Исходя из вышеизложенного, становятся понятными необходимость и важность нейроофтальмологи-ческого обследования в ранней диагностике РС [2, 15, 16, 17]. На ранних этапах заболевания рутинные офтальмологические методы могут оказаться малоинформативными и не выявлять каких-либо изменений ввиду больших компенсаторных возможностей головного мозга. Так, известно, что даже при гибели трети аксонов ЗН снижение остроты зрения может не наблюдаться [7, 8, 11].

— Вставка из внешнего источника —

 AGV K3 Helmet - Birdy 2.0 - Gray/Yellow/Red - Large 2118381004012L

Цель исследования - оценить состояние органа зрения у больных с различными вариантами течения РС и различной продолжительностью болезни; а также возможности нейроофтальмологического обследования для ранней диагностики РС и прогнозирования типа течения РС; определить диагностические возможности визуализационных и функциональных методов исследования в диагностике РС и мониторинге состояния зрительного анализатора у больных РС.
Материал и методы
Обследовано 70 больных в возрасте от 20 до 61 года с установленным диагнозом РС, как перенесших ранее оптический неврит, так и не имеющих данного заболевания в анамнезе, с различными типами течения РС с тяжестью неврологического дефицита не более 5 баллов по шкале EDSS. В исследование не включались пациенты, имеющие какую-либо сопутствующую патологию ЦНС и органа зрения, а также сопутствующую тяжелую соматическую патологию.

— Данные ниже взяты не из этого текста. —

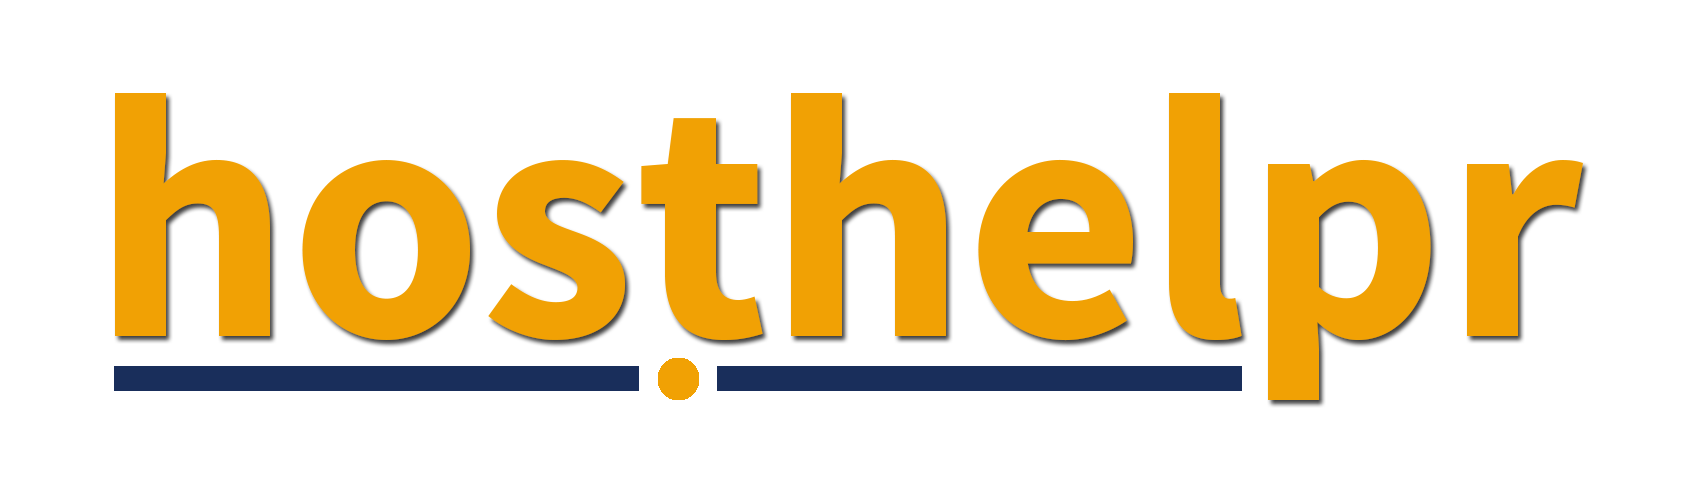 HostHelpr logo

Все пациенты были разделены на четыре группы в зависимости от типа течения РС: ремиттирующий РС (РРС), вторично-прогрессирующий РС (ВПРС), первично-прогрессирующий РС (ППРС), первично-прогрессирующий РС с сохраняющимися обострениями (ППРССО). В каждой группе выделялась подгруппа в зависимости от наличия или отсутствия оптического неврита в анамнезе. Проводили комплексное нейроофтальмологическое обследование, включающее визометрию, офтальмоскопию, периметрию, оптическую когерентную томографию (ОКТ), зрительные вызванные потенциалы (ЗВП), оценку неврологического статуса, МРТ головного мозга.
Все группы были сопоставимы по демографическим и клиническим характеристикам: возрастно-половому составу, возрасту дебюта РС, длительности заболевания, степени неврологического дефицита по шкале EDSS и среднегодовой скорости прогрессирования.
Оптическую когерентную томографию проводили на приборе Stratus OCT-3000 (Carl Zeiss, Германия). Для проведения исследования диска зрительного нерва (ДЗН) использовались протоколы FastOpticDisk и RNFL Thickness (3.4). Подсчет параметров исследования проводился с использованием протоколов RNFL ThicknessAverage OU и OpticNerveHead (SingleEye).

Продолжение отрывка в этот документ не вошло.